Madrid as the Stage for Something Honest

Madrid is a city that absorbs running in a particular way. Its parks are expansive, its streets stay warm long into the evening, and its culture has always made room for people who want to move through public space with intention. The Ejercito Del Aire meeting point for Easy Saturdays sits close enough to some of the city's most recognizable green corridors to allow for routes that feel removed from traffic and noise even within a dense urban environment. The Tuesday sessions, shifting location each week, use the city as a training circuit, exploring different districts and surfaces, which means that members who run with Hardpace regularly develop an intuitive map of Madrid laid down through their own feet. This relationship to the city is not incidental. Lucho built Hardpace in Madrid because that is where his life is rooted, where the restaurants were, where the pivot happened, where the need arose. The crew is not trying to replicate something imported from elsewhere. It is growing out of a specific place, shaped by the rhythms of a city that runs late, eats late, and keeps its social life active well into the evening. A Tuesday session at eight o'clock is not unusual in Madrid. It is simply when people are free. That kind of fit between a crew and its city is harder to manufacture than it looks.

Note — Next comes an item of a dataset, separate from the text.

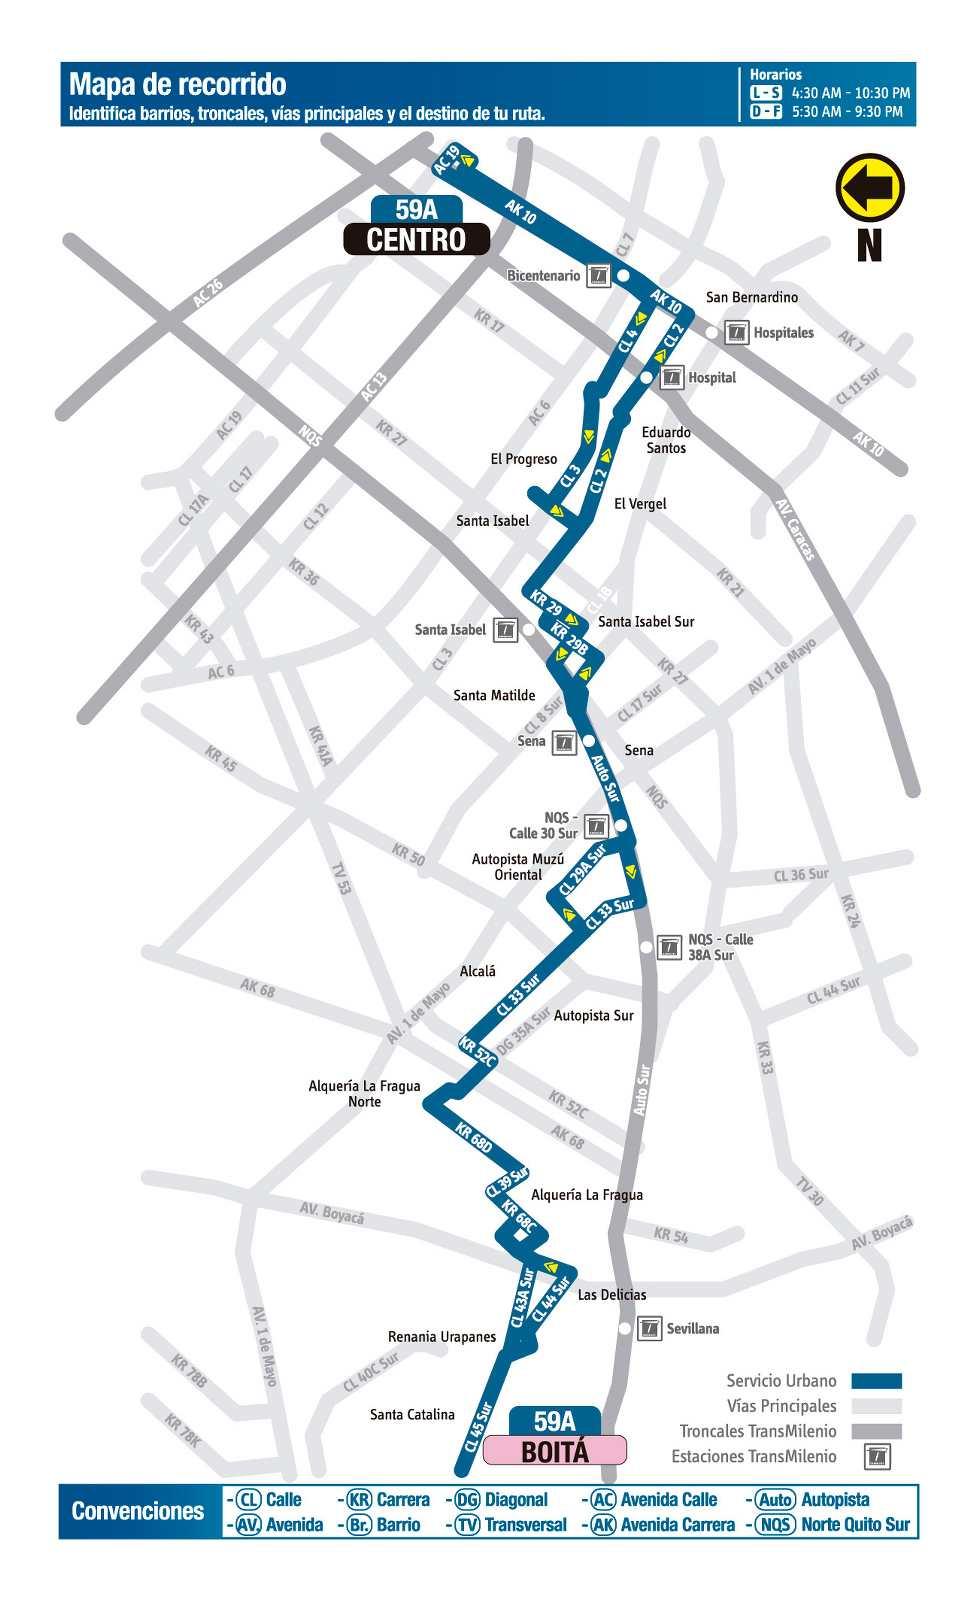 Ruta SITP: 59A Boitá ↔ Centro (mapa)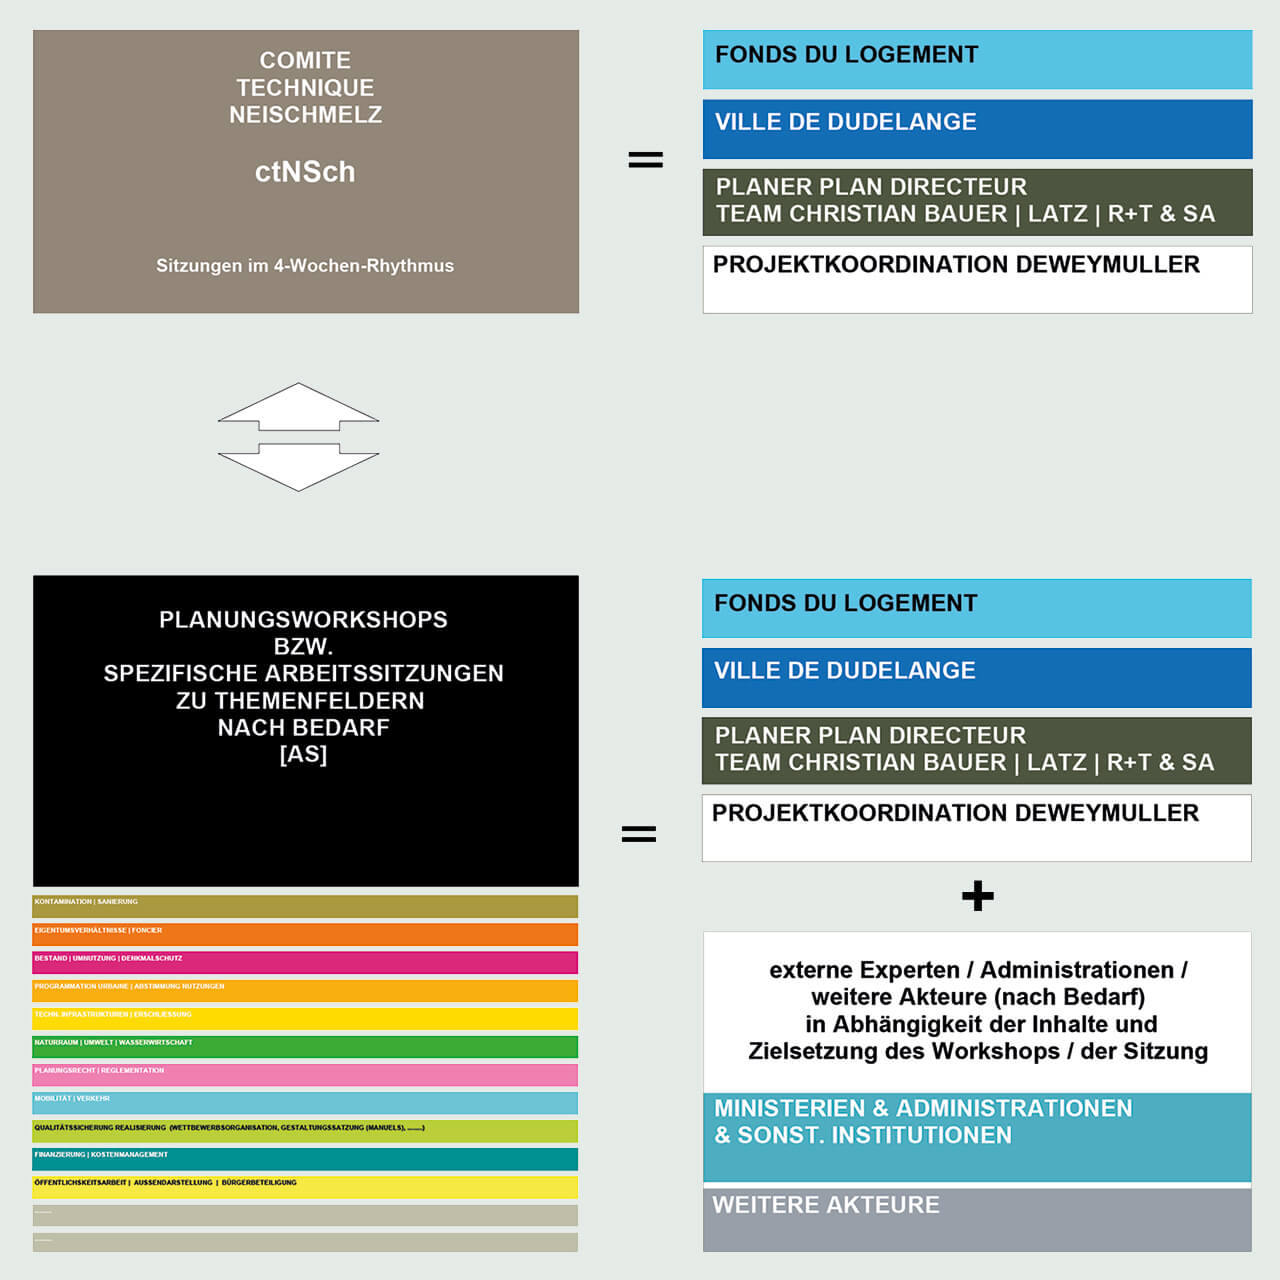 Coordination Neischmelz, Schema Akteure, Begleitsstrukturen

The Strava Thread That Holds It Together

For a crew this young, the digital infrastructure is light and deliberate. Hardpace maintains an active presence on Instagram, where the tone matches the philosophy: straightforward, unpolished, honest about what the crew is and is not. The Strava club functions as the practical connective tissue, allowing members to log their runs, track the group's activity, and stay accountable without the overhead of a more formal structure. These tools exist to serve the community, not to perform it. There are no elaborate branding efforts, no merchandise drops, no curated aesthetic that sits at a careful distance from the actual experience of running with the group. What you see is close to what you get. Lucho remains the active driver of Hardpace, and his presence within the crew carries the sincerity of someone who built this for himself as much as for anyone else. He is not coaching from a distance. He is on the routes. He is at breakfast on Saturday. He is the person who felt the pull of sport return after years of running kitchens rather than roads, and who decided that the most honest response to that feeling was to make it available to others. The crew he has built reflects the person who founded it: direct, open, not particularly interested in appearances, and entirely serious about the underlying idea that movement is something everyone needs and almost no one should be talked out of trying.

Who Runs with Hardpace

The thirty or so people who currently run with Hardpace represent the spread you might expect from a crew that has explicitly removed the filters. Some are returning to sport after years away. Some are newer to running and needed a group to make it feel less solitary. Some are consistent runners who wanted a community rather than just a training plan. What they share is not a particular fitness level or a race history but a willingness to show up, to do the work at whatever pace makes sense for them, and to be present with the people around them. The crew does not ask members to declare a goal or commit to a trajectory. It asks them to come back next week. That simplicity is more radical than it sounds. Running culture, particularly in cities with active and visible crews, can accumulate a weight of expectations around performance and identity that makes the first step through the door feel harder than it should. Hardpace was designed as a counterargument to that weight. The name itself carries a certain confidence, Hardpace suggests effort and intention, but the crew wraps that edge in an accessibility that refuses to let anyone feel like they do not belong. You do not need to earn your place here. You just need to show up at Ejercito Del Aire on a Saturday morning, and let the rest follow from there.